"Evolution has shown that among all conceivable theoretical constructions there is at each period one which shows itself to be superior to all others, and that the world of perception determines in practice the theoretical system, although there is no logical road from perception to the axioms of the theory, but rather that we are led towards the latter by our intuition, which establishes contact with experience....

"The longing to discover the pre-established harmony recognized by Leibniz is the source of the inexhaustible patience with which we see Planck devoting himself to the general problems of our science, refusing to allow himself to be distracted by more grateful and more easily attainable objects.... The emotional condition which fits him for his task is akin to that of a devotee or a lover; his daily striving is not the result of a definite purpose or a programme of action, but of a direct need.... May his love for Science grace his future course of life, and lead him to a solution of that all-important problem of the day which he himself propounded, and to an understanding of which he has contributed so much! May he succeed in combining the Quantum Theory with Electrodynamics and Mechanics in a logically complete system!"

* * * * * * * *

"What grips me most in your address," I said, "is that it simultaneously surveys the whole horizon of science in every direction, and traces back the longing for knowledge to its root in emotion. When your speech was concluded, I regretted only one thing—that it had ended so soon. Fortunate is he who may study the text."

"Do you attach any importance to it?" asked Einstein; "then accept this manuscript." It is due to this act of generosity that I have been able to adorn the foregoing description of the excursion into Valhalla with such a valuable supplement.

* * * * * * * *

The conversation had begun with the brilliant constellation Galilei-Newton, and near the end inclined again towards the consideration of a double-star: the names of Faraday and Maxwell presented themselves.

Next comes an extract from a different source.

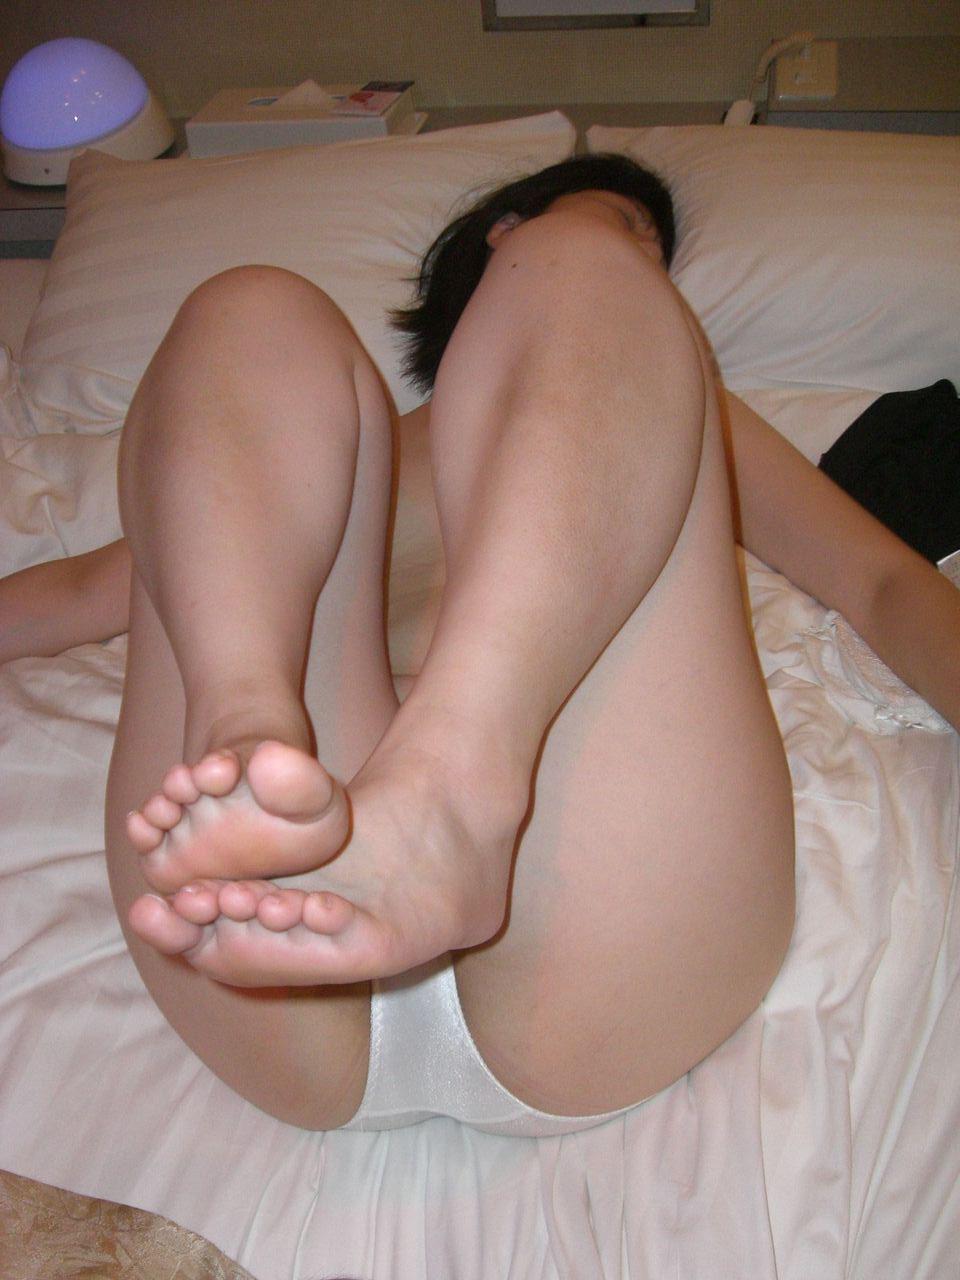 ラブホテルで撮影された素人女子のエロ画像 26

"Both pairs," Einstein declared, "are of the same magnitude. I regard them as fundamentally equal in their services in the onward march of knowledge."

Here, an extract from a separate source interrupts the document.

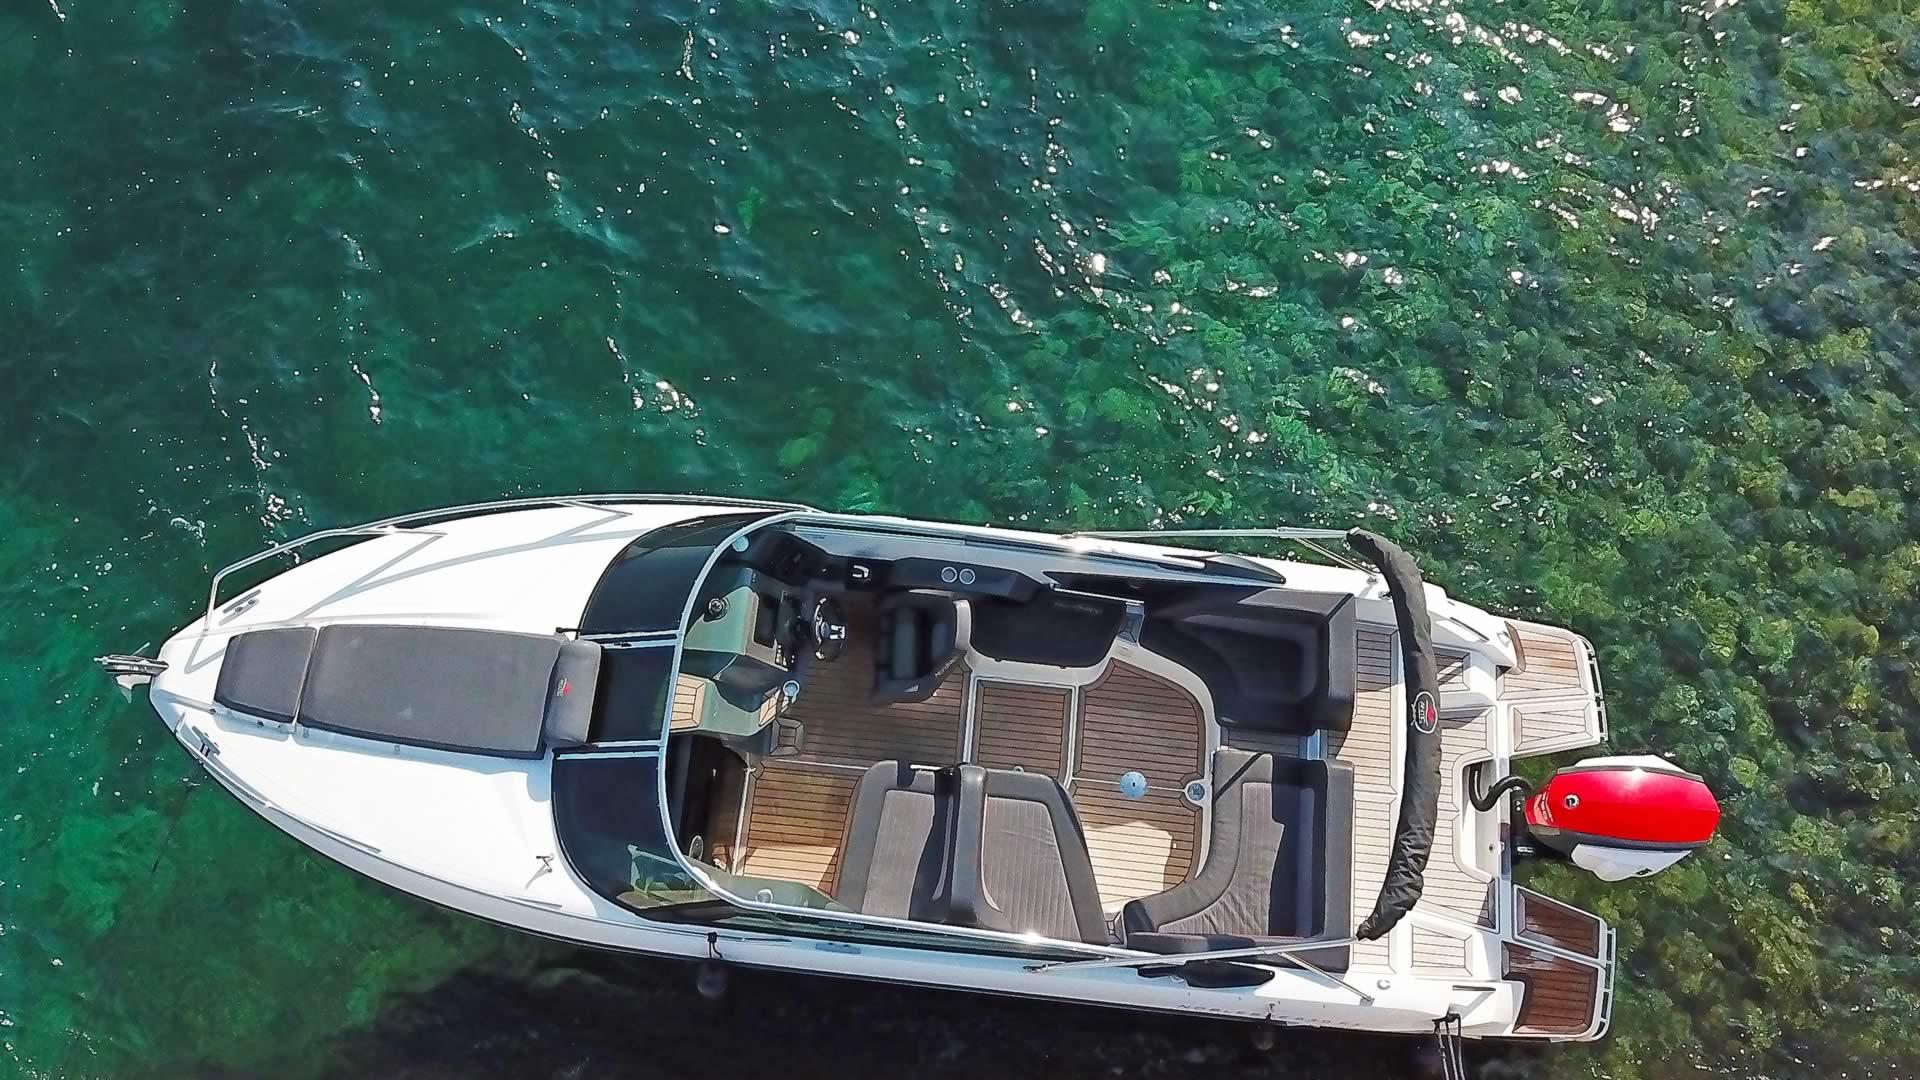 Sportboot mieten Kroatien Bootscharter Bootsverleih Bootsvermietung

"Should we not have to add Heinrich Hertz as a third in this bond? This assistant of Helmholtz is surely regarded as one of the founders of the Electromagnetic Theory of Light, and we often hear their names coupled, as in the case of the Maxwell-Hertz equations."

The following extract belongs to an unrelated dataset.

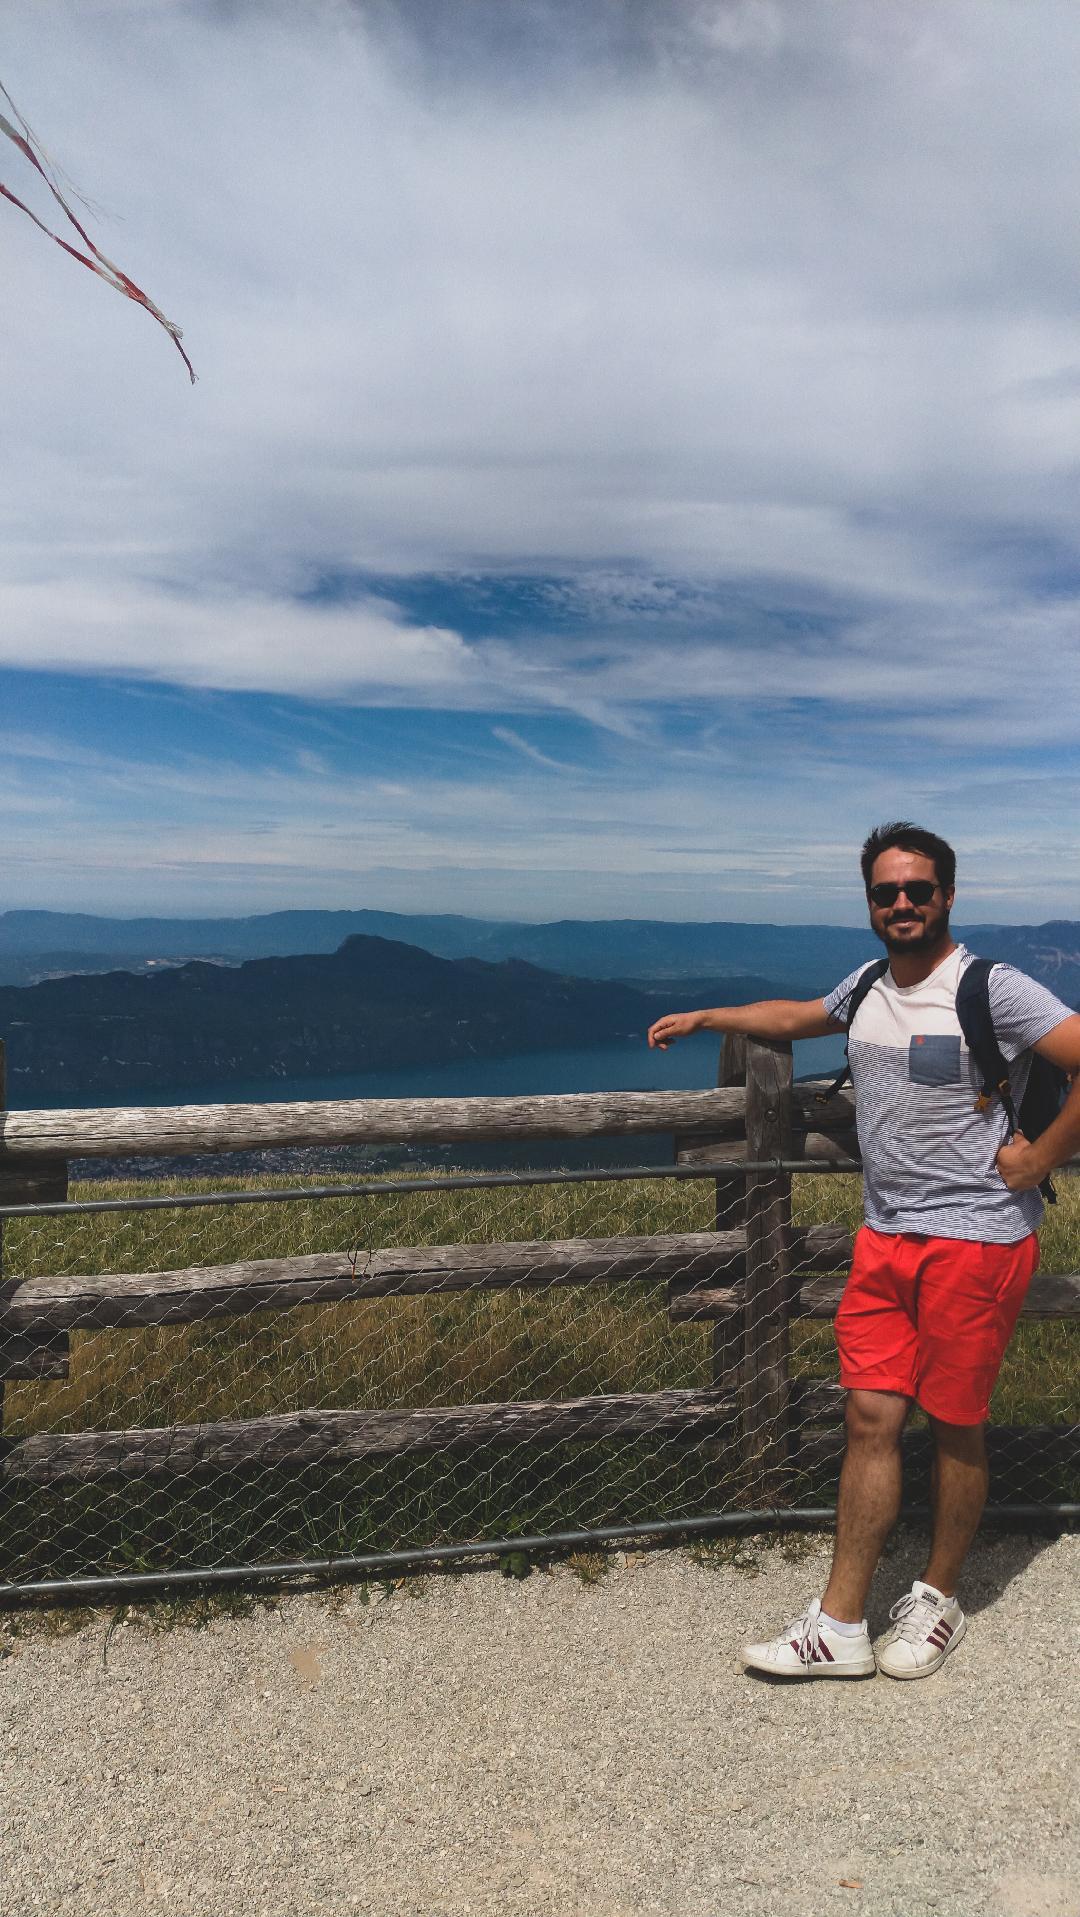 Belevédère du Mont Revard, au dessus du Lac du Bourget

"Doubtless," replied Einstein, "Hertz, who is often mentioned together with Maxwell, has an important rank and must be placed very high in the world of experimental physics, yet, as regards the influence of his scientific personality, he cannot be classed with the others we have named. Let us, then, confine ourselves to the twin geniuses Faraday and Maxwell, whose intellectual achievement may be summarized in a few words. Classical mechanics referred all phenomena, electrical as well as mechanical, to the direct action of particles on one another, irrespective of their distances from one another. The simplest law of this kind is Newton's expression: 'Attraction equals Mass times Mass divided by the square of the distance.' In contradistinction to this, Faraday and Maxwell have introduced an entirely new kind of physical realities, namely, fields of force. The introduction of these new realities gives us the enormous advantage that, in the first place, the conception of action at a distance, which is contrary to our everyday experience, is made unnecessary, inasmuch as the fields are superimposed in space from point to point without a break; in the second place, the laws for the field, especially in the case of electricity, assume a much simpler form than if no field be assumed, and only masses and motions be regarded as realities."